_REQUIRED WORK_:
The required output is the exact text of the lines from the line containing "Professional bicicletta road" through the final line below, inclusive, without pictures.

_SOURCE DATA_:
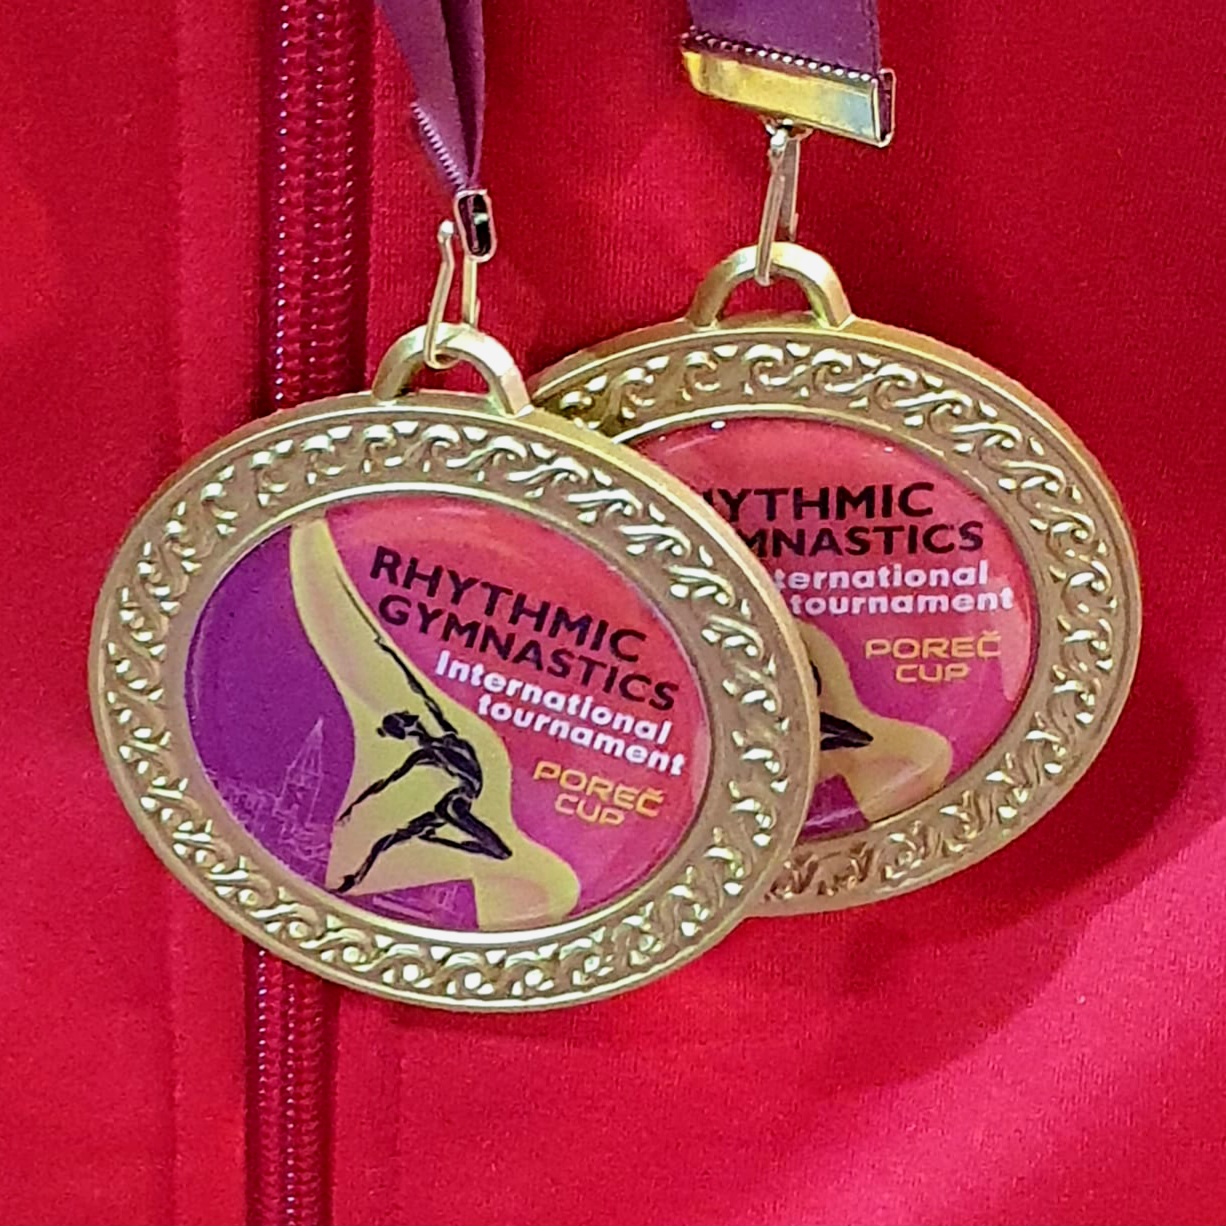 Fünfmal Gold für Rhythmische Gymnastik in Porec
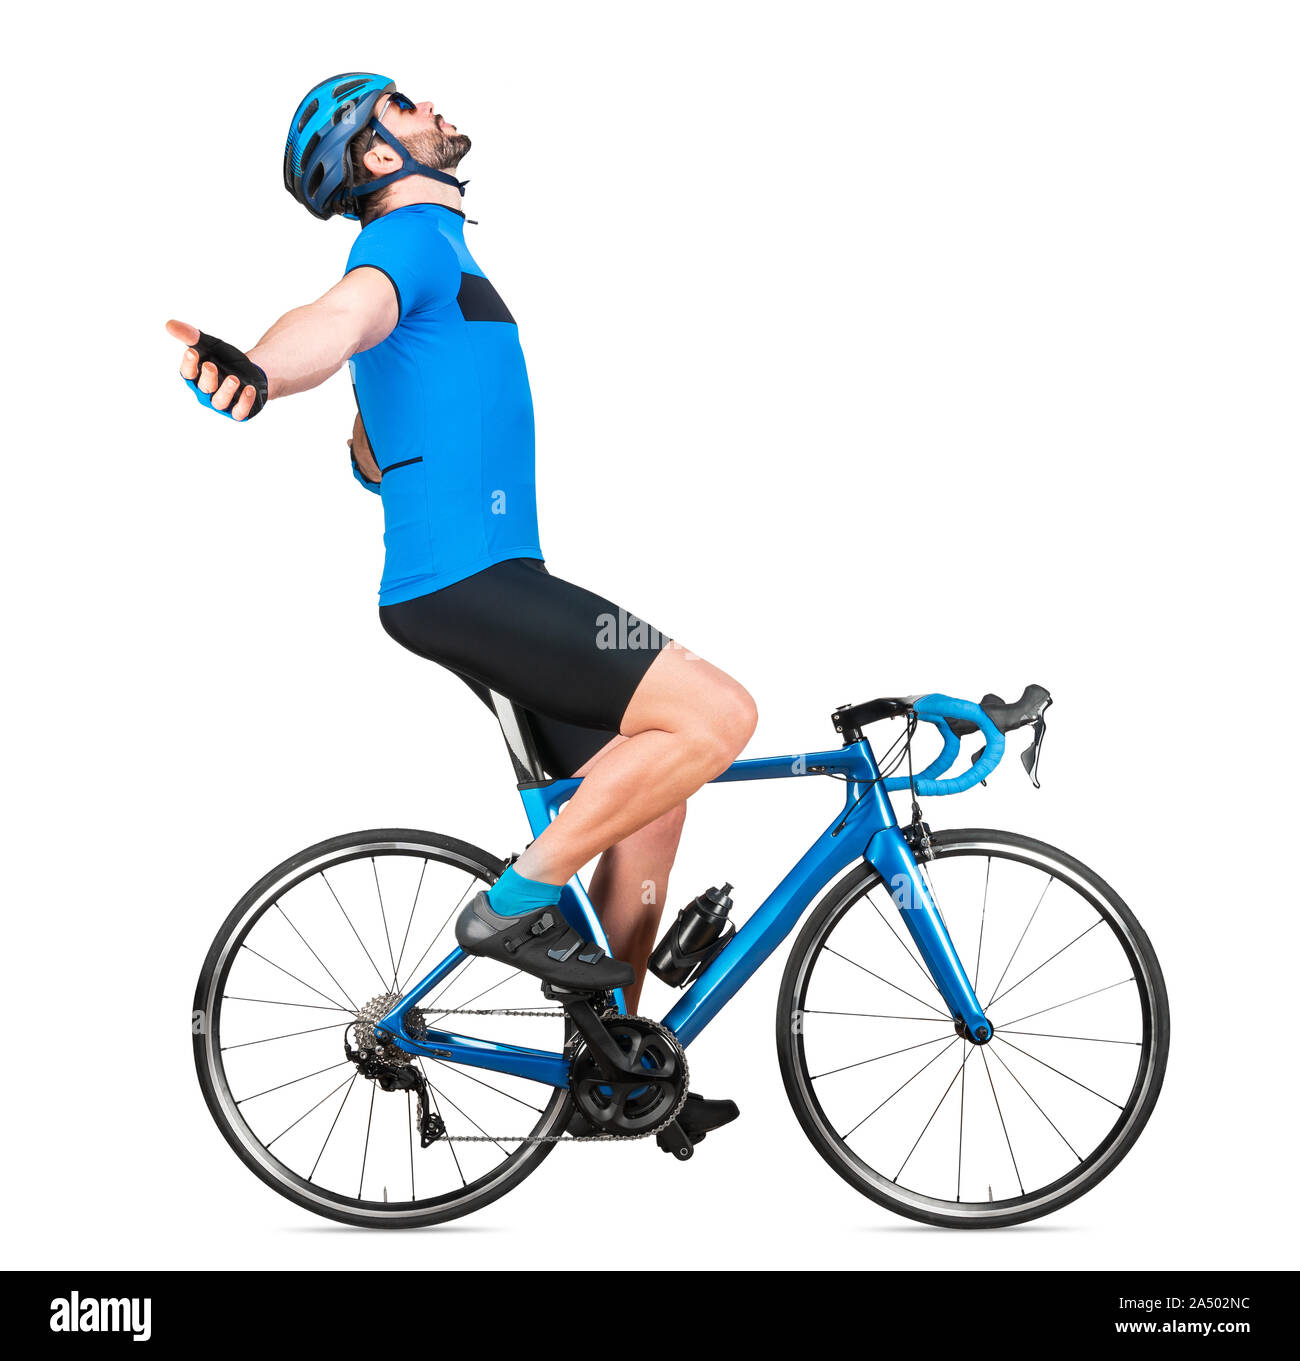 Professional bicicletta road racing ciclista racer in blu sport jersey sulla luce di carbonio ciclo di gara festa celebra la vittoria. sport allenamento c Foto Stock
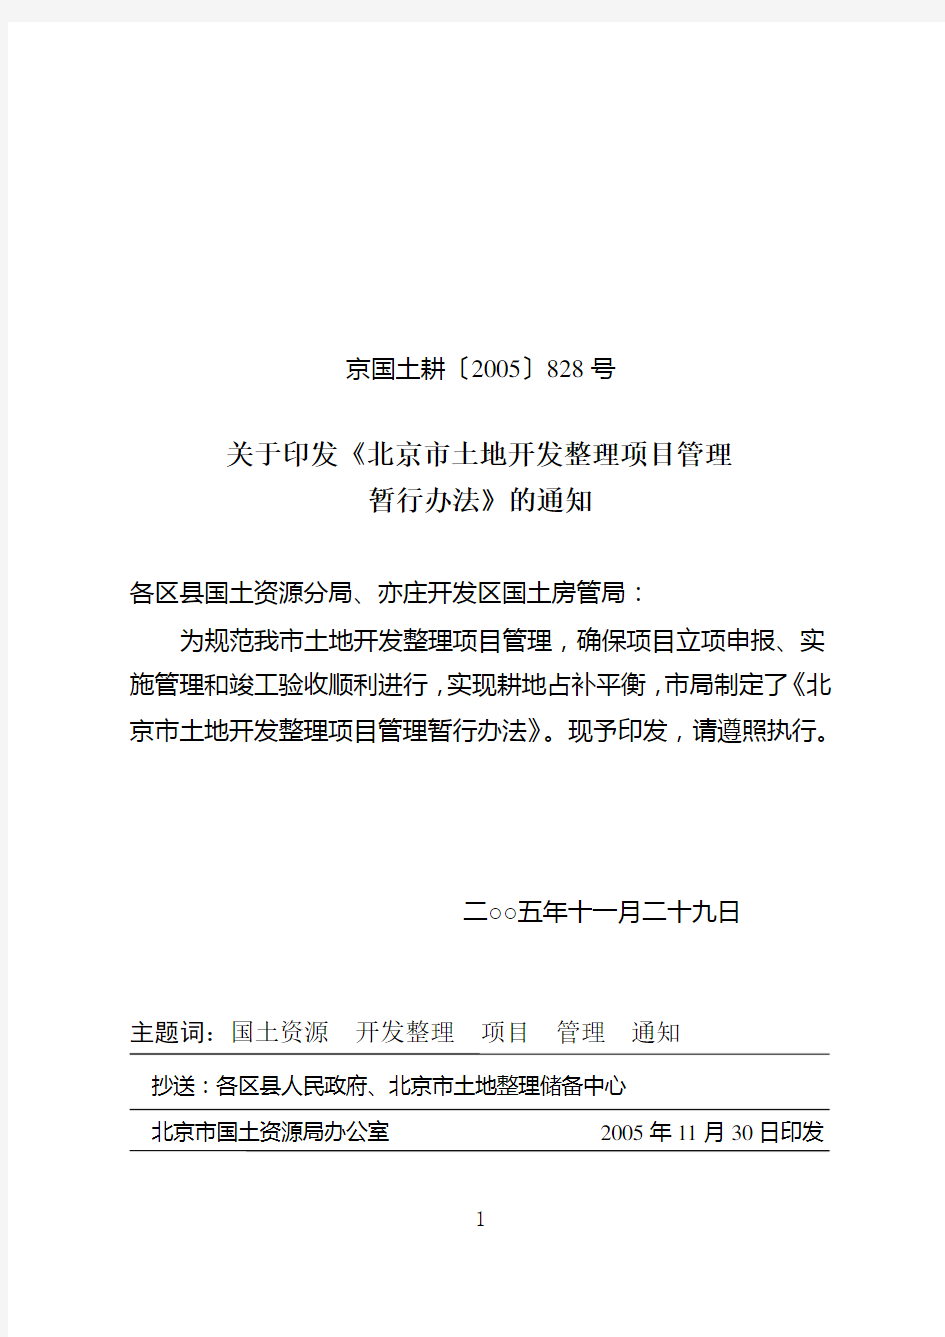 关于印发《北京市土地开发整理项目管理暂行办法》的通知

_ANSWER BOX_:
 Professional bicicletta road racing ciclista racer in blu sport jersey sulla luce di carbonio ciclo di gara festa celebra la vittoria. sport allenamento c Foto Stock
 关于印发《北京市土地开发整理项目管理暂行办法》的通知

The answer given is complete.